Профессор, склонив голову, обтянутую тонкой морщинистой кожей с небольшим количеством пуха над ушами, сделал смысловую паузу, которой не замедлила воспользоваться Герань:
– Моисей Моисеевич имеет в виду, что именно в векторе позитивного труда, а не потребительства, мы сегодня воспитываем школьников. Рынок, с его неумолимыми законами, новые федеральные образовательные стандарты…
Но оппоненты не стали слушать Герань с ее давно понятным официозом.
– Та же самая психология трубы не мешает строить другую историю Арабским Эмиратам, – парировал редактор сентенции Дедова.
– Дело в том, что Арабские Эмираты ни на что не претендуют в мире, – как мог, отразил аргументацию экономист, – Абсолютно. Они живут сами, обеспечивают жизнь своим гражданам и, кстати, в социальном плане Арабские Эмираты намного дальше нас. Образование бесплатное, здравоохранение бесплатное, жилье выделяется бесплатно.
– Да, коммунизм просто, – с сарказмом добавил ащеул, – Не убедительно.

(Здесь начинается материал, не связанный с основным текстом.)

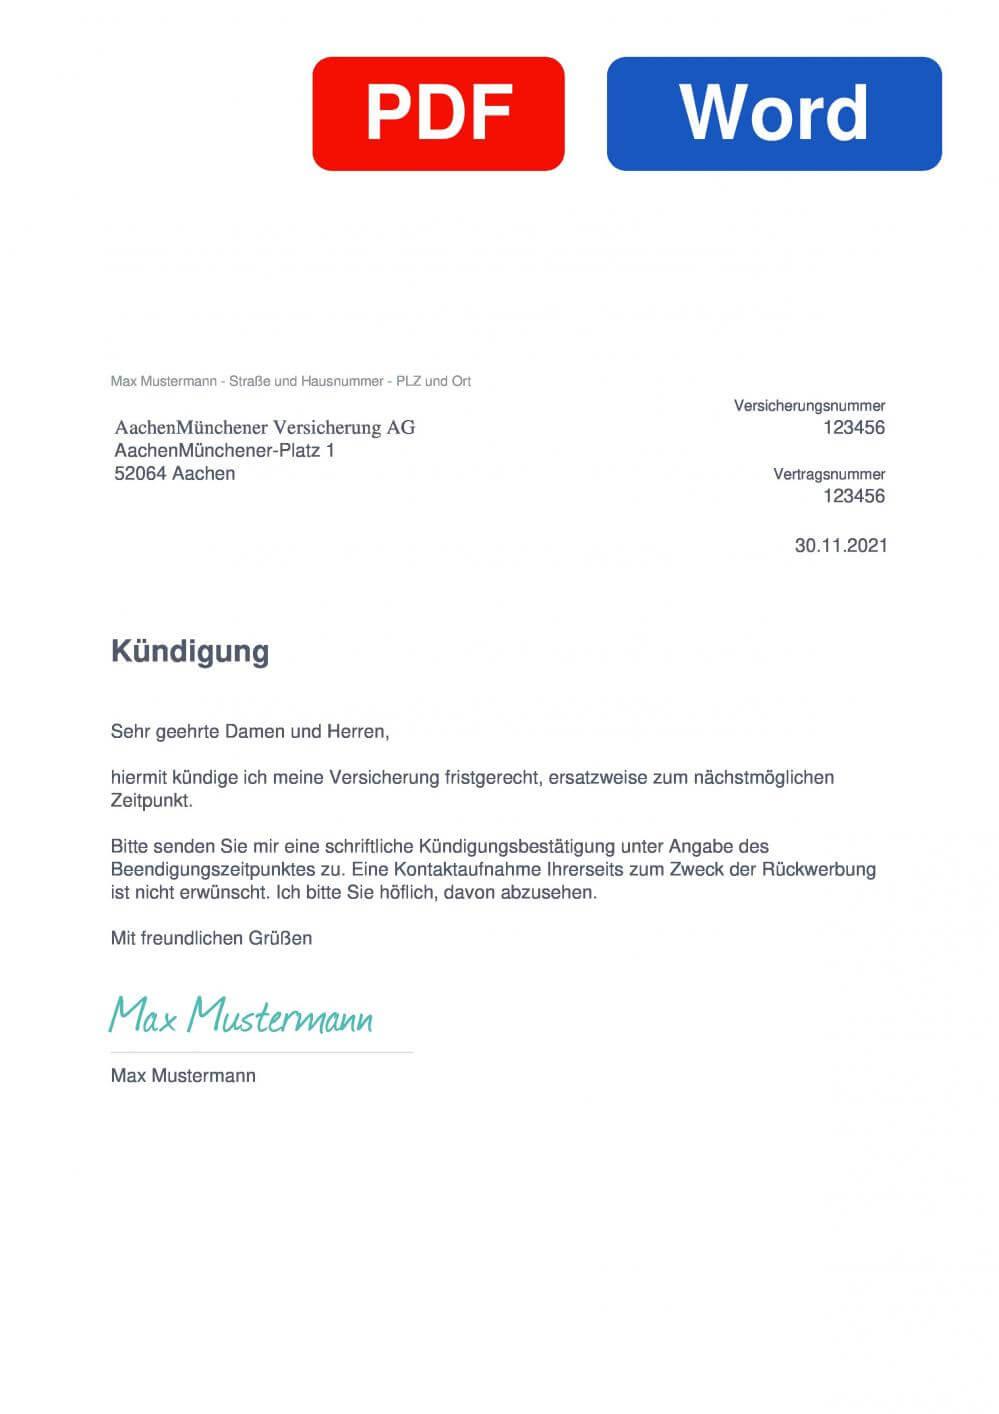 AachenMünchener Rentenversicherung Muster Vorlage für Kündigungsschreiben

– Но так, сколько их там, во-первых? – растерялся было профессор, но в мгновение собрался и попытался восстановить реноме простым повтором вышесказанного, – И они же ни на что не претендуют. А мы же претендуем. Мы же великая страна. Мы – великая страна. И нам, чтобы на это претендовать, надо создавать базу какую-то. Основания должны быть. Так что, сырьевая база будет основанием для этого? Это же всем понятно. Не сегодня-завтра уйдет нефть, как главный энергетический сырьевой продукт. Ну, уйдет. Обязательно уйдет. А что будем делать тогда? На чем будем кормить бюджет? Вы посмотрите, чуть-чуть нефть упала – сорок и ниже, сразу заговорили. Модернизация нужна, перестройка нужна. Вот сейчас нефть поднялась. И ни звука. Все опять нормально.
По кабинету разлился запах жареной капусты, который, видимо, шел из детской столовой. Гость шмыгнул носом, вдыхая побольше воздуха в ноздри:
– Армию напоминает запах. С тех пор ни перловки, ни капусты в рот не беру. Так тогда наелся, что до сих пор сытость чувствую. Так что с образованием, Моисей Моисеевич?

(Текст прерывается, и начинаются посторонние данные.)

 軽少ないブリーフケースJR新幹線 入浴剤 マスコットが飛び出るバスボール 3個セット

– Сокращают финансирование университетов, – сообщил «сенсационную» новость Дедов, – Так? Дальше, значит, бюджетных мест будет на двадцать процентов меньше. Сокращение по стране. Это же каждый пятый «горит». А почему? Говорят, денег нет. Это же неправда, что денег нет. Все дело в распределении, предпочтениях. Я сейчас не буду эту схему задевать. Куда давать – в армию или образование.

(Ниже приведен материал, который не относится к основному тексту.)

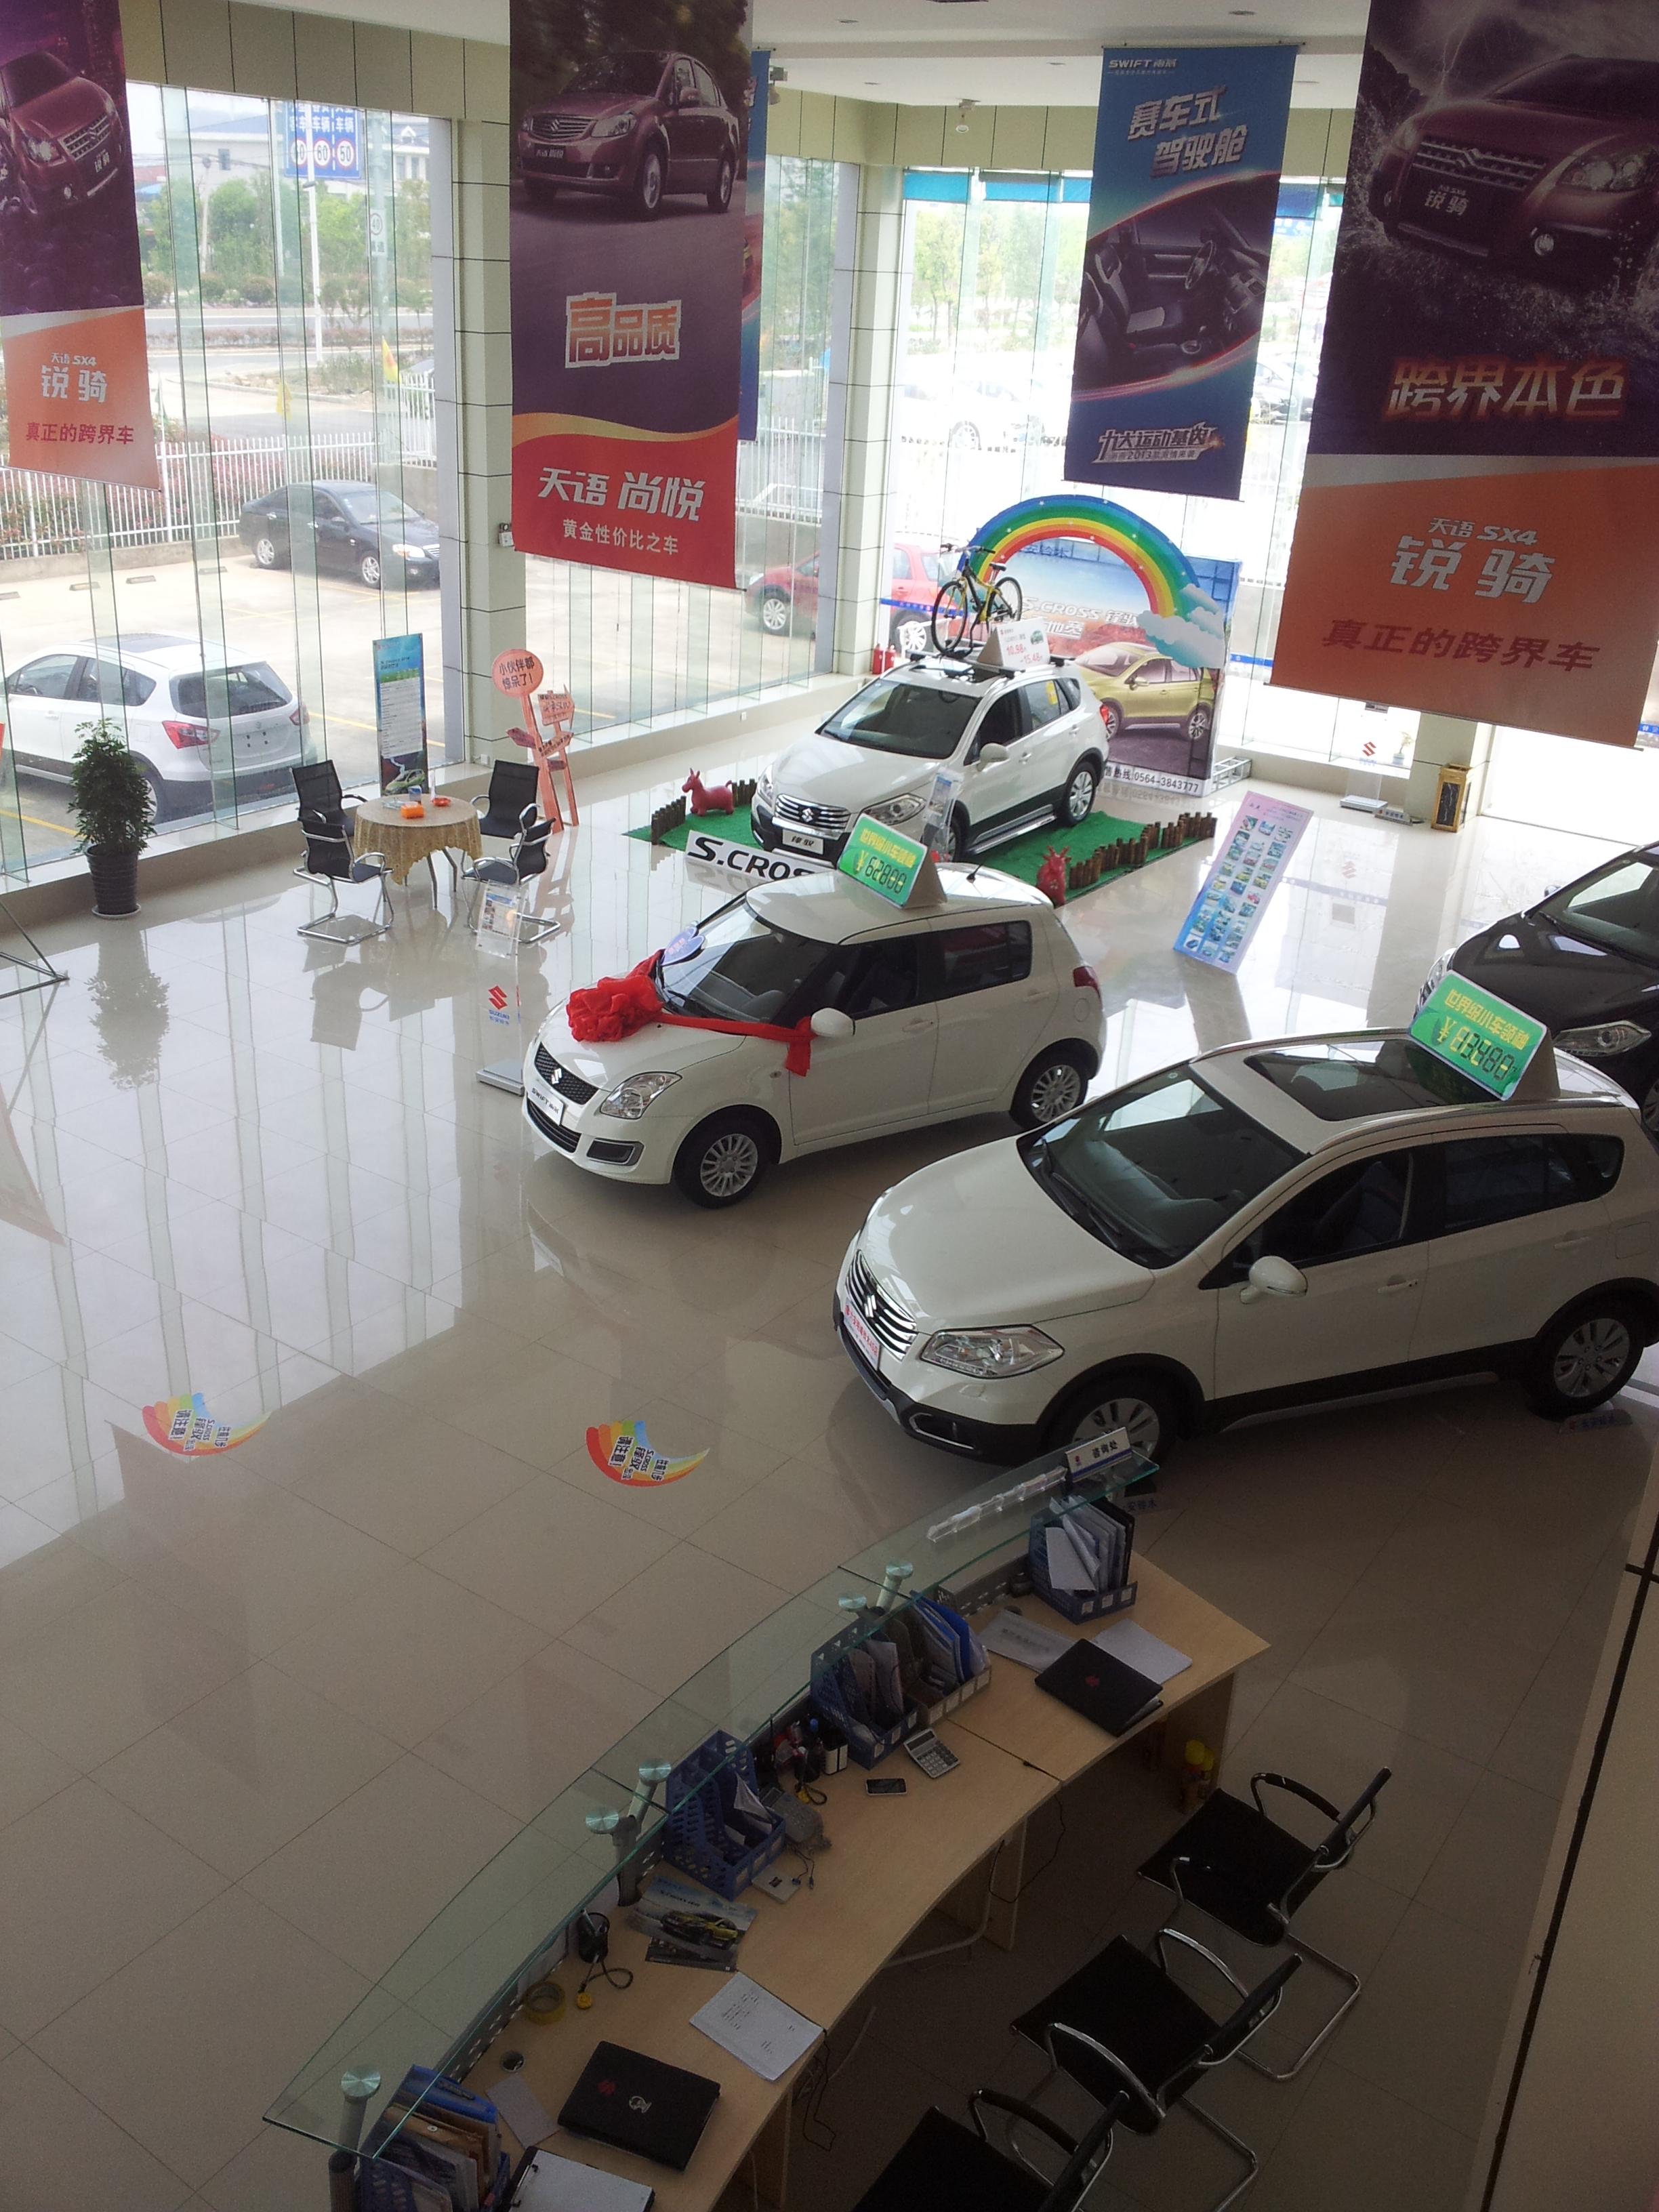 4s店销售顾问接待流程_4s店销售顾问的收入

– Да, это несколько демагогичная полемика получится. Да и патриоты нас не поймут.
– Дело же не в этом. Если Сурков прав и это экономика трубы, то стране не нужно такого количества грамотных и образованных людей, которых Россия может делать. Не нужно. Для обслуживания трубы столько не нужно. Вот куда все уходит, когда я говорю про социально психологическую парадигму. Вот, что накладывает отпечаток на политику. Посмотрите. У нас все сейчас стало сырьем. Все. У нас мозги сейчас – сырье. Мозги. Вы знаете, сколько человек уехало сейчас из России?
– Догадываюсь, – коротко бросил журналист.
– Двести пятьдесят тысяч. За год! Причем даже посчитали по категориям. Кто это? Врачи, инженеры, преподаватели, ученые. Мозги страны. А мы их отдаем даром.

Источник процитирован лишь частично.